Gökyüzüne yazdım bu yüzden, hayalimdeki denizlere yazdım; henüz hiç
yelken açılmamış denizlere, kimsenin bilmediği asla bilemeyeceği denizlere.
Kimin derdi
kime büyük ki? Büyük olduğunu görsen bile ne kadar hissedebilirsin ki? Her dert
kiracısı olduğu yüreğe devasa. Boğuştum durdum devasa dertlere deva bulmak
için… Buldun mu diye sormayın bulunmaz o. İkiyüzlüdür deva ya da ne bileyim
kötü, hayali bir kahraman gibi, tam buldum derken değişiverir kılığı kıyafeti.
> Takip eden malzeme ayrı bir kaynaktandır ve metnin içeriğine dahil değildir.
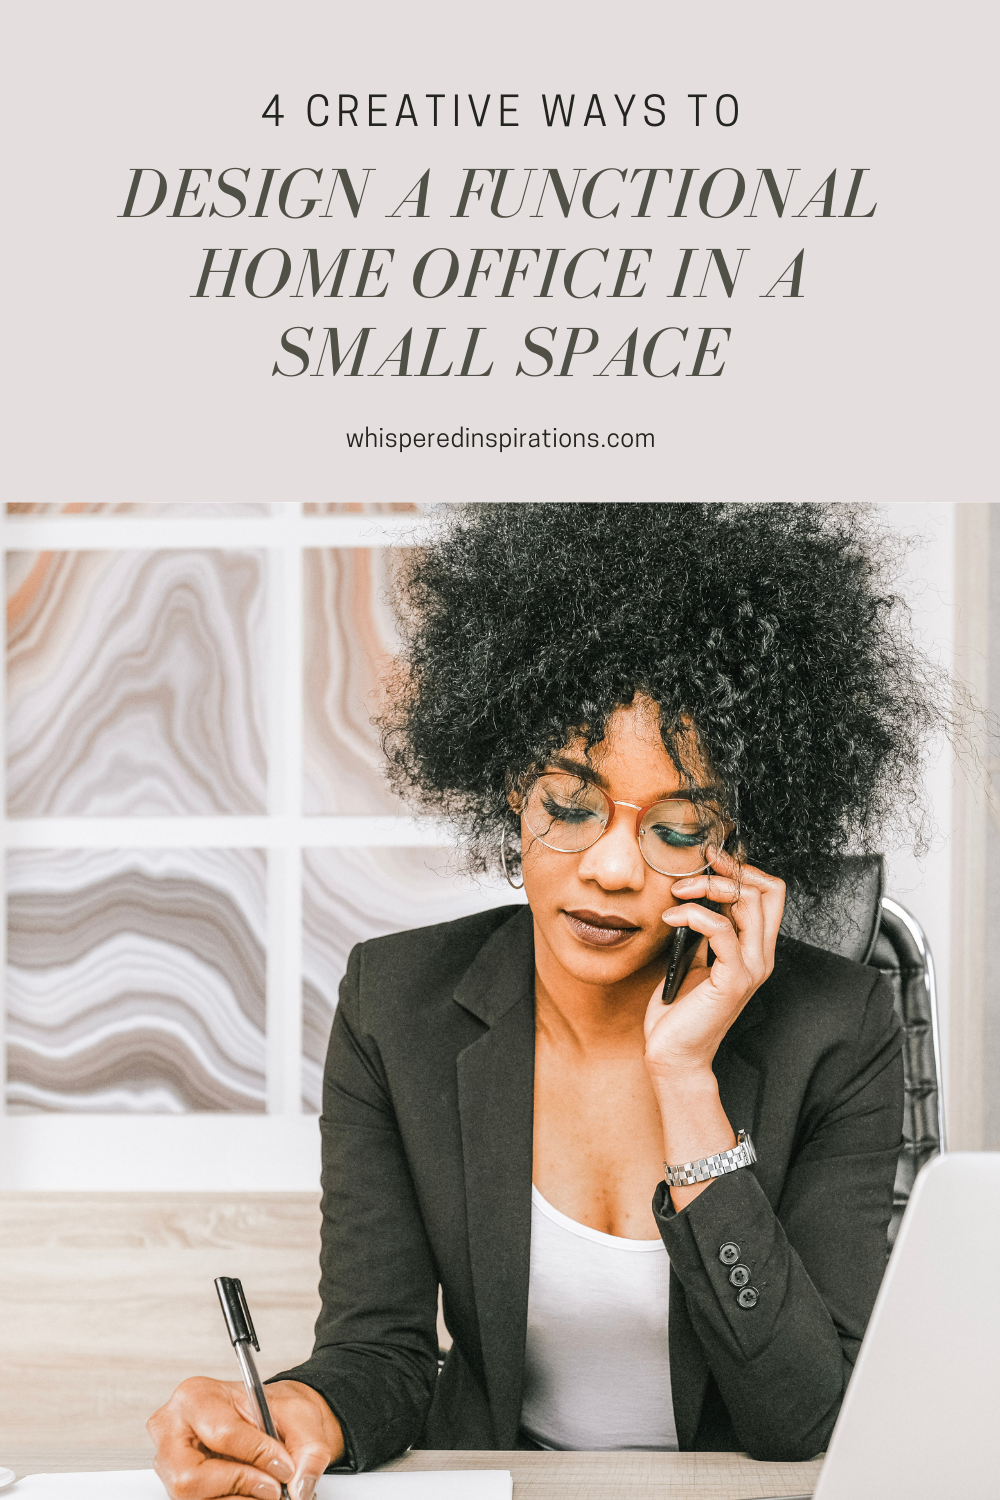 A woman writes down something at her desk on the phone. These are tips that will help design a functional home office in a small space.

Sonra anladım ki tek deva vardı lakin herkeste her şeyde farklı vücut
buluyordu. Göz gibi kulak gibi herkeste ama hep farklı. Onu bulmaya çalışırken
kendimi kaybettim. Hayatımda yaptığım en iyi işti bu. Zaten çok yetenek de
gerektirmiyordu…
Kimsenin görmediği gözyaşlarım var benim;
devaya akıttığım. Beyaz saç tellerim var; hüzne ayna. Bedenime ağır gelen bir
beynim ve bir kalbim var benim; bir boşlukta milyonlar barındıran. Çıldırtan
sesler çıkaran düşüncelerim var benim; susturamadığım. Kelimelerim var; yazmaya
korktuğum. Deva yüzünden hepsi ve daha nicesi; arayıp bulup kaybettiğim deva
yüzünden. Herkes derdine deva ararken deva mahvetti beni. Deva.
Gitmek
istedim ben ama bırakamadım birilerini. Onlar beni tutuyor muydu bilmiyorum ama
ben bırakamadım onları. Gitmek derken başka bir şehir, başka bir ülke, başka
bir şey gelmesin aklınıza, ölüm gelmesin aklınıza. Hiçbir yer yok ki bir adım
önündeyken aradığım deva da benimle gelmesin. Ben deva’yı arıyordum o hep bir
adım arkamdaydı dönüp tutamıyordum. Oturup ağlıyordum kimse görmüyordu, kimse
duymuyordu ama ben görmeyenleri duymayanları bırakamıyordum. Kısır bir döngüydü
sanki ben deva’yı arıyordum o arkamdan geliyordu. Ne ben hızlanabiliyordum onu
yakalamak için ne de o yavaşlıyordu ona ulaşabilmem için. Belki de
yakaladığımda kılığının değişeceğini bildiğim içindi ulaşamamam, bilmiyorum.
Uzaktayım
sanki. Elimin fikrimin gözlerimin yetişemeyeceği kadar uzaktayım. Dur gitme
dediğimde önüne geçip durduramayacak kadar uzaktayım. Gitme dediğim halde
gittiğinde üzülmekten kalbime bir çukur açılacak kadar uzaktayım. Kalbime uzağım
sanki açılan çukuru dolduramayacak kadar uzakta. Uzağım sanki kendime. Sanki
deva içimin en uzak yerinde. Beynimde tüm bu düşünceler dolaşıp dururken birden
içimi bir umut kaplıyor belki diyorum belki sensin deva. Sonra yine o büyük
boşluk kâğıtlara sığmayan o büyük boşluk kaplıyor her yanı. Gözlerim kan çanağı
donakalıyorum. Ben yokum ortada deva yok. Bir ceset var ortada kimse tanımıyor.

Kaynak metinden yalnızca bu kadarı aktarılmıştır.